Is it not true that X⊗Y and X⊗I+I⊗Y would both yield symmetric measurements on a 2 particle system with identical particles?
 
The operator X \otimes I corresponds to performing a measurement of X on the first particle, and doing nothing to the second particle, while I \otimes Y corresponds to performing a measurement of Y on the second particle, and doing nothing to the first particle. I'm not sure about position measurements, but for momentum measurements, it certainly makes sense to say that the total momentum P_{total} is obtained by summing the momentum of the first particle, P_1 and the momentum of the second particle, P_2. So the operator corresponding to total momentum, \hat{P}_{total} should be written as:

\hat{P}_{total} = \hat{P}_1 + \hat{P}_2

where
\hat{P}_1 = \hat{P} \otimes I
and
\hat{P}_2 = I \otimes \hat{P}.
 
stevendaryl said:
The operator X \otimes I corresponds to performing a measurement of X on the first particle, and doing nothing to the second particle, while I \otimes Y corresponds to performing a measurement of Y on the second particle, and doing nothing to the first particle. I'm not sure about position measurements, but for momentum measurements, it certainly makes sense to say that the total momentum P_{total} is obtained by summing the momentum of the first particle, P_1 and the momentum of the second particle, P_2. So the operator corresponding to total momentum, \hat{P}_{total} should be written as:

\hat{P}_{total} = \hat{P}_1 + \hat{P}_2

where
\hat{P}_1 = \hat{P} \otimes I
and
\hat{P}_2 = I \otimes \hat{P}.
Yea, it makes sense for anything but position. I guess it's strange to me that you add position eigenvalues. I guess I'll just accept it for now and move on and hope it doesn't creep up later in the book.
 
Right. The eigenvalue of ##\hat P_1\otimes\hat P_2## would be the product of the two momenta. The eigenvalue of the "total momentum" operator should be the sum of the eigenvalues, not their product.

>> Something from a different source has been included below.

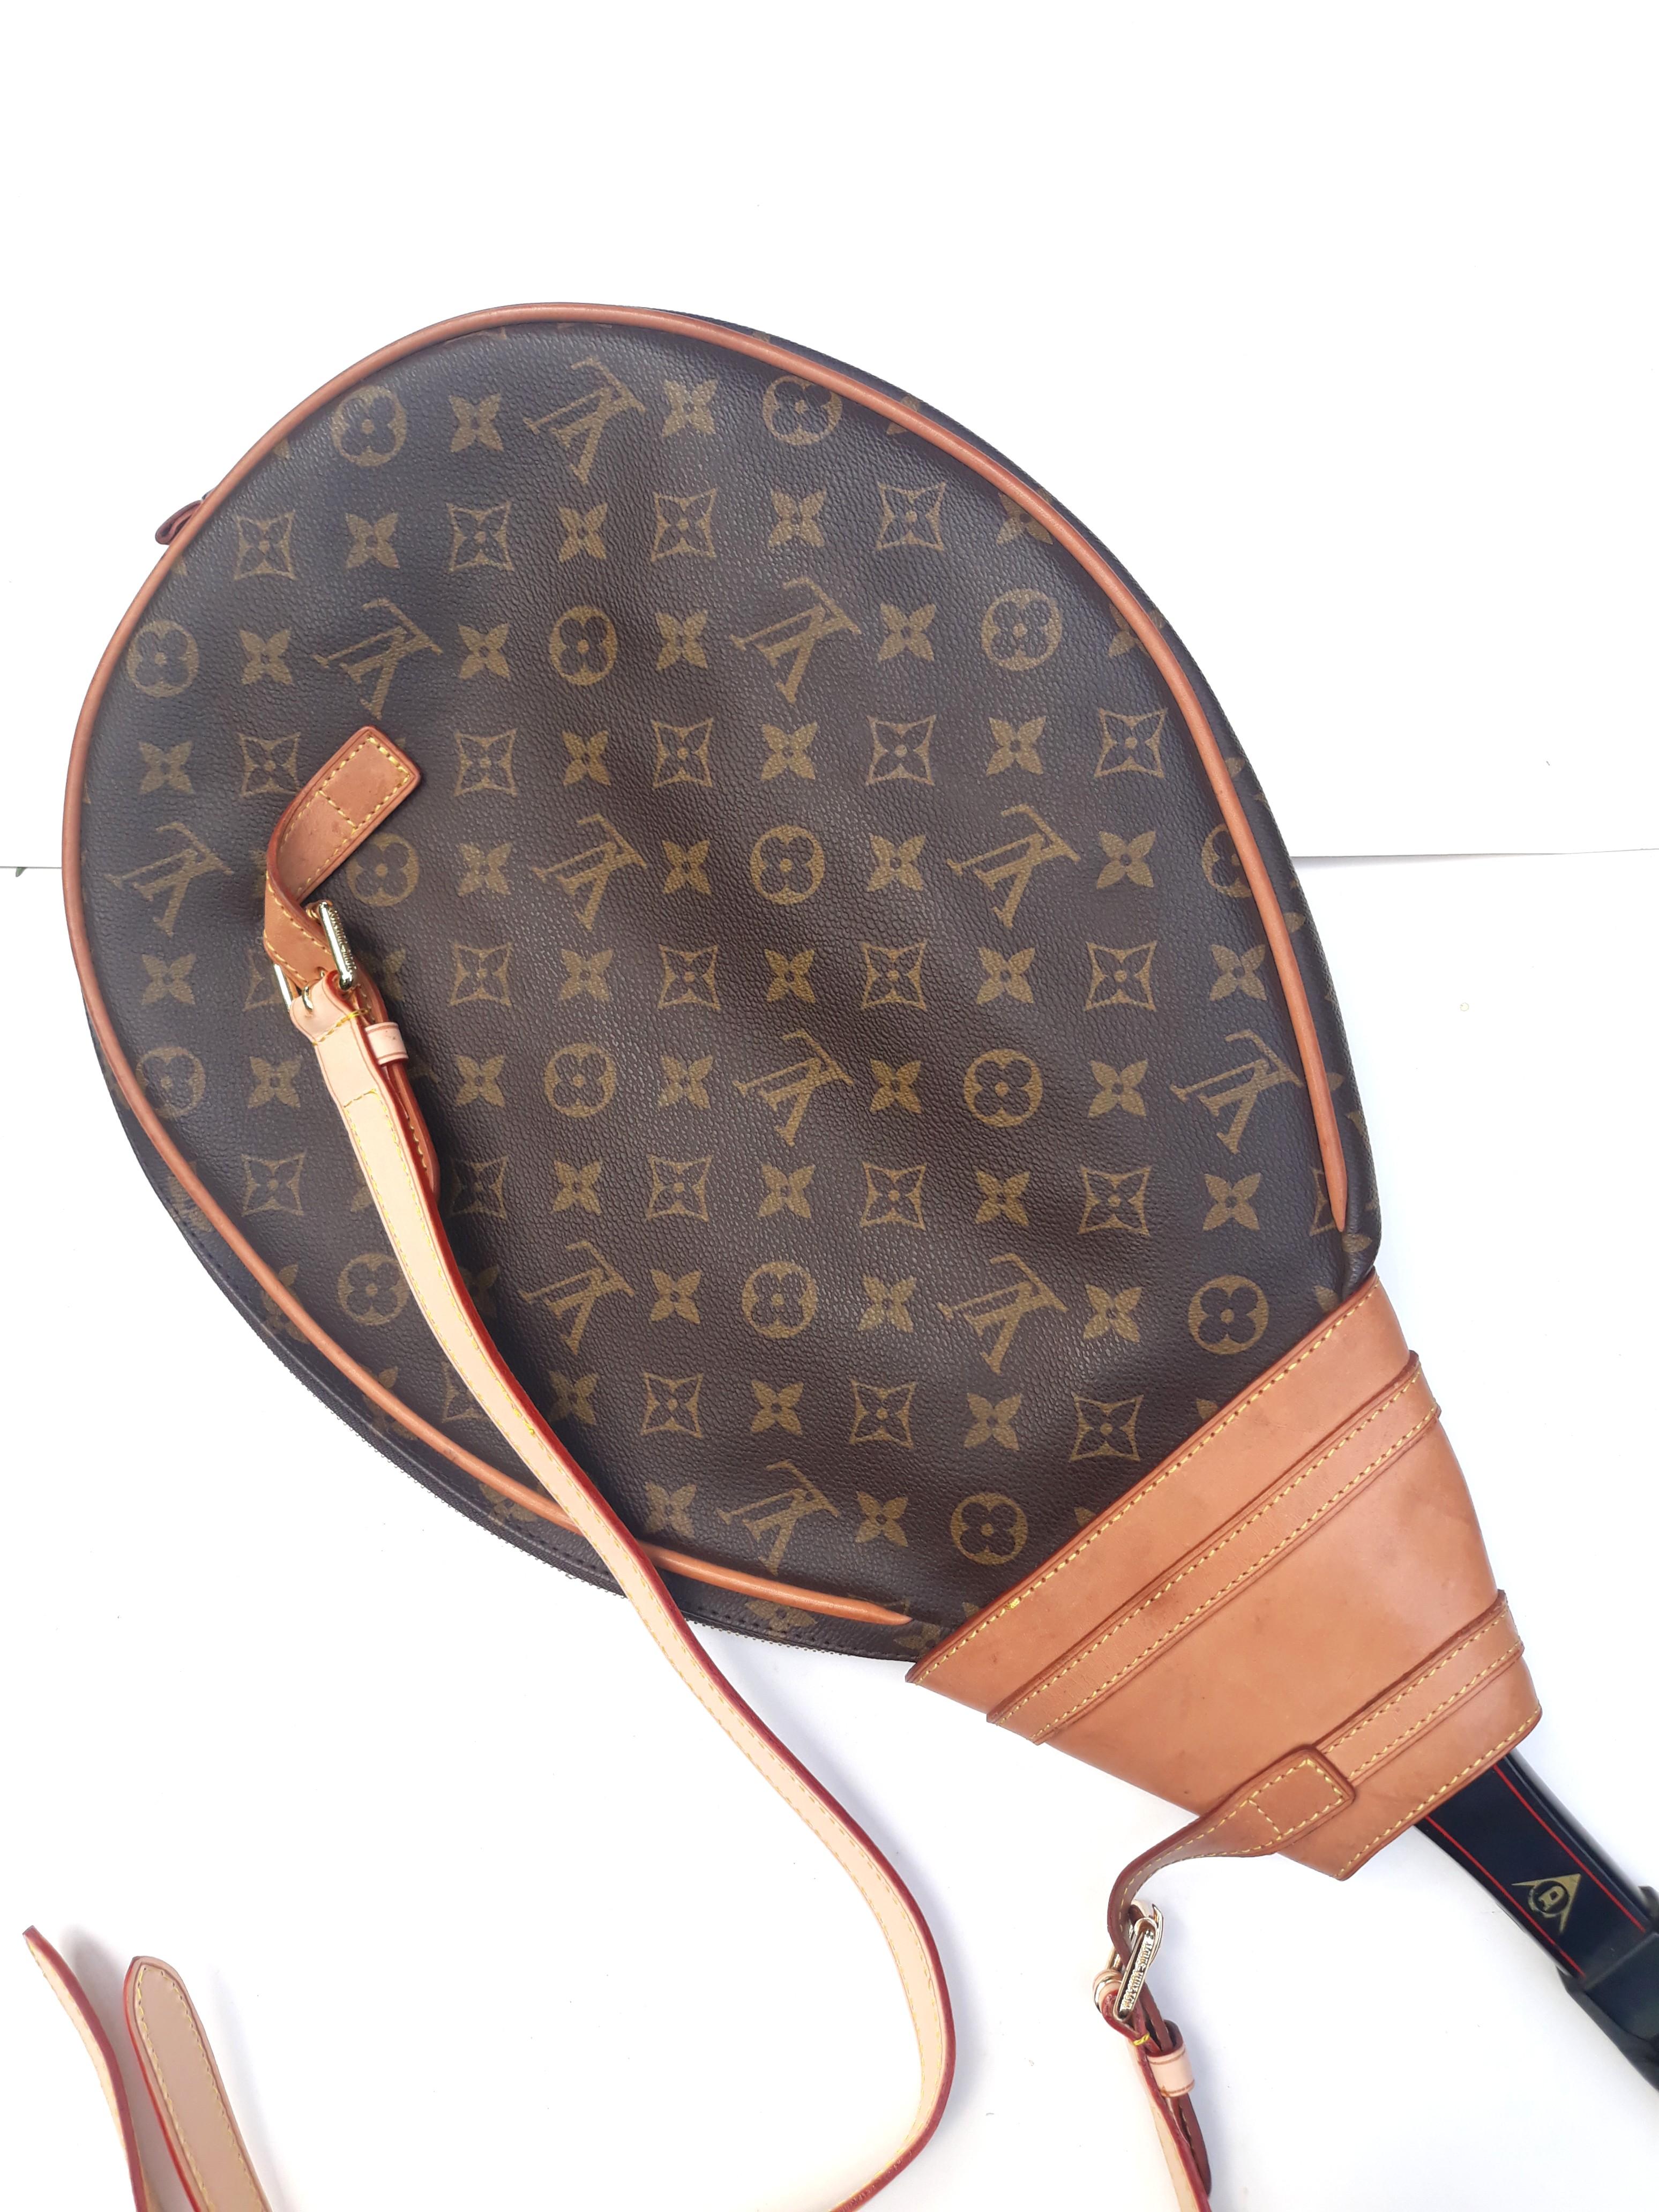 Louis Vuitton, Other, Louisvuittonrare Monogram Tennis Racquet Cover Bag

Edit: This was supposed to be a reply to stevendaryl's post.
 
cpsinkule said:
Yea, it makes sense for anything but position. I guess it's strange to me that you add position eigenvalues. I guess I'll just accept it for now and move on and hope it doesn't creep up later in the book.

Yeah, summing positions doesn't make a lot of sense to me, unless you're trying to have a "center of mass" operator, rather than a position operator. If you have two particles, the first, with mass m_1 at position \vec{r}_1 and the second, with mass m_2, at position \vec{r}_2, then the center of mass will be given by:

\vec{R}_{com} = \frac{1}{m_1 + m_2} (m_1 \vec{r}_1 + m_2 \vec{r}_2)

For equal-mass particles,

\vec{R}_{com} = \frac{1}{2} (\vec{r}_1 + \vec{r}_2)
 
  • #10
cpsinkule said:
Is it not true that X⊗Y and X⊗I+I⊗Y would both yield symmetric measurements on a 2 particle system with identical particles?

Let Y = I.

Then X1⊗I2 means we measure the spin of particle 1. But since the particles are identical, we don't know which is particle 1.

If we know the operator for the single non-identical particle, we can get operators for identical particles by
http://phy.ntnu.edu.tw/~changmc/Teach/SM/ch01.pdf (Eq 70)
http://yclept.ucdavis.edu/course/242/2Q_Fradkin.pdf (Eq 1.155)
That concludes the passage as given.